The globalization/modernization/commercialization that has happened in Chennai in the last 4 years is unbelievable according to those who have been here longer. There are modern, technology-driven, high-rise buildings going up everywhere, yet right next door people are sleeping on the dirt and cows are freely rummaging through the trash on the street. People that are disfigured, without limbs or with strange, curious skin afflictions, are left to beg. The highways, sidewalks and train tracks that are being constructed are primarily being built by hand with very little machinery. I’m trying to digest it all. God’s nature is dramatically beautiful through the tropical plants and flowers and the powerful, mighty ocean, yet I watch fishermen, from my 4th floor balcony, come into the grassy area that meets the sandy beach and poop. Right there. How do you prepare for this? I am observing life in the raw: human beings living and making their way. Surviving. It is absolutely incredible.

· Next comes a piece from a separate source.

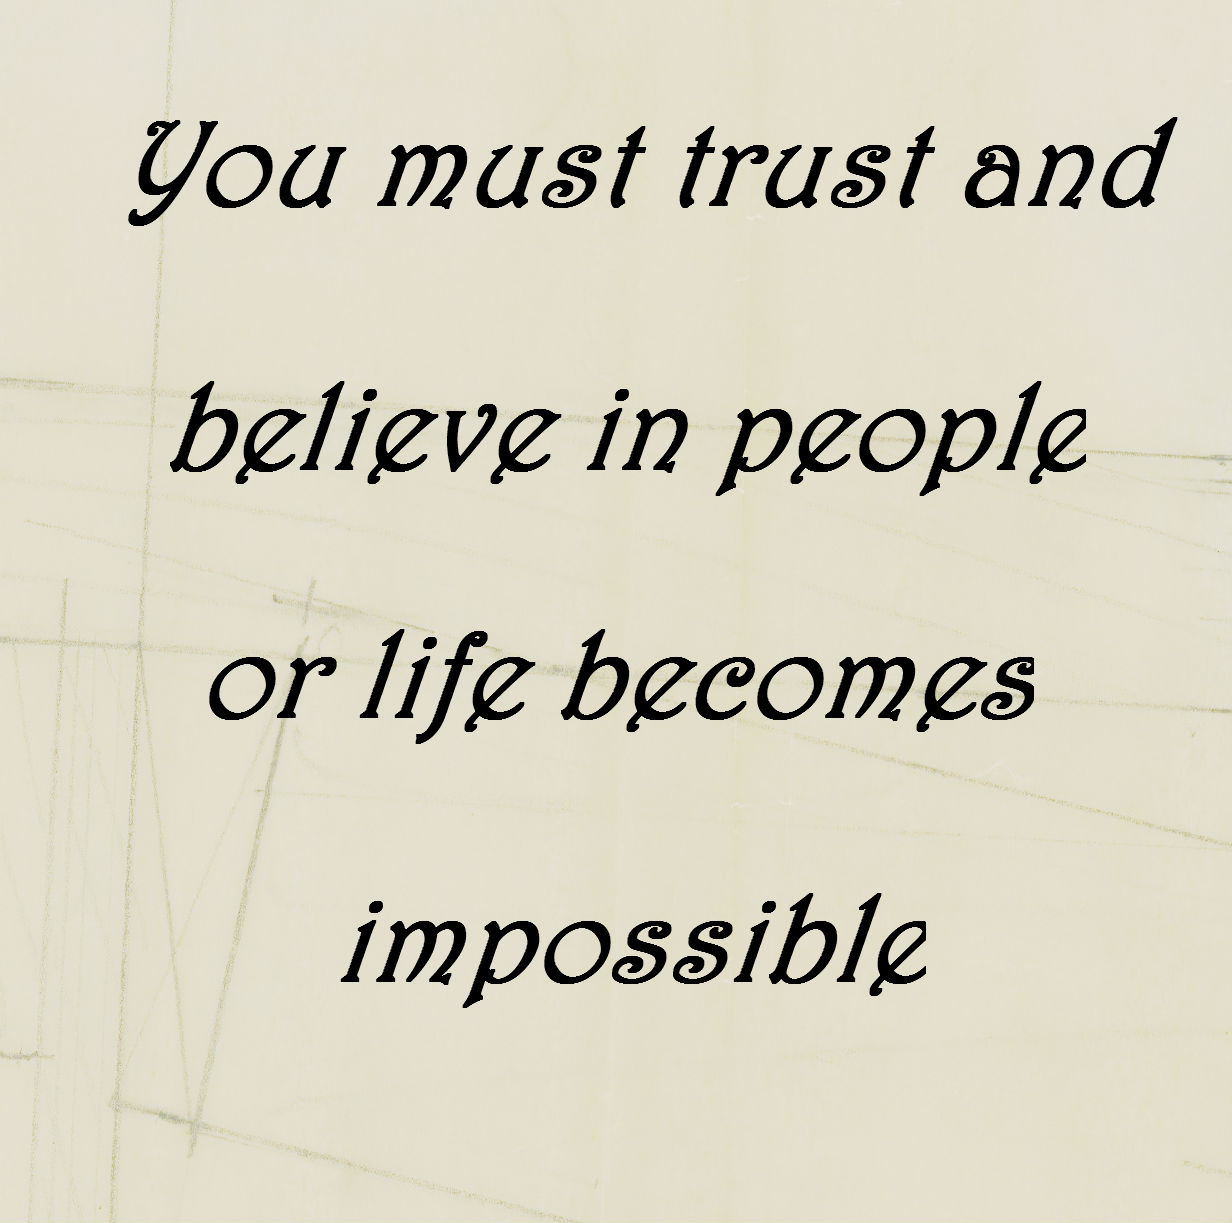 Quotes About Not Trusting People. QuotesGram

What does your part of the world look like?
Thanks for sharing your experience. You are a brave soul, embracing change, I’m sure you will be accustomed to all of this in no time! I know someday I will visit India, until then I will experience it thru your eyes, writings, and beautiful pictures you are sharing. Keep writing!!
Hi Vida. Thank you for reading and also commenting. I am often told I am brave. I think I’m better described as curious. Thank you for your positive vibe. I can’t wait until you visit India. 🙂
Thank you for letting your friends enjoy this adventure with you. Beautiful pictures.
Hi, Linda! Thank you for reading and supporting this, my next international move. It is exciting and I’m glad you’ve chosen to follow along.
Anita, Thank you for allowing us be armchair travelers. I read this to your mother and a group of our friends at breakfast this morning Sent from my iPad
Dear Harriet! Thank you so much for 1) reading my blog and 2) reading it to my Mom and friends. I’m so glad. You are helping me SOOOOoooo much by doing this. Thank you!!! I hope you are well. Take care. 🙂
Gorgeous shots, Anita. I’m already looking forward to your dispatches. More please. ~Theadora
Theadora!!! I’m back! Thank you so much for reading along. Bless you for your encouragement. My head is spinning right now adjusting to this new culture. I’m processing as fast as I can! Until soon —
The beginning of an amazing new adventure!
Yes, a new adventure! So much to see and do on this subcontinent!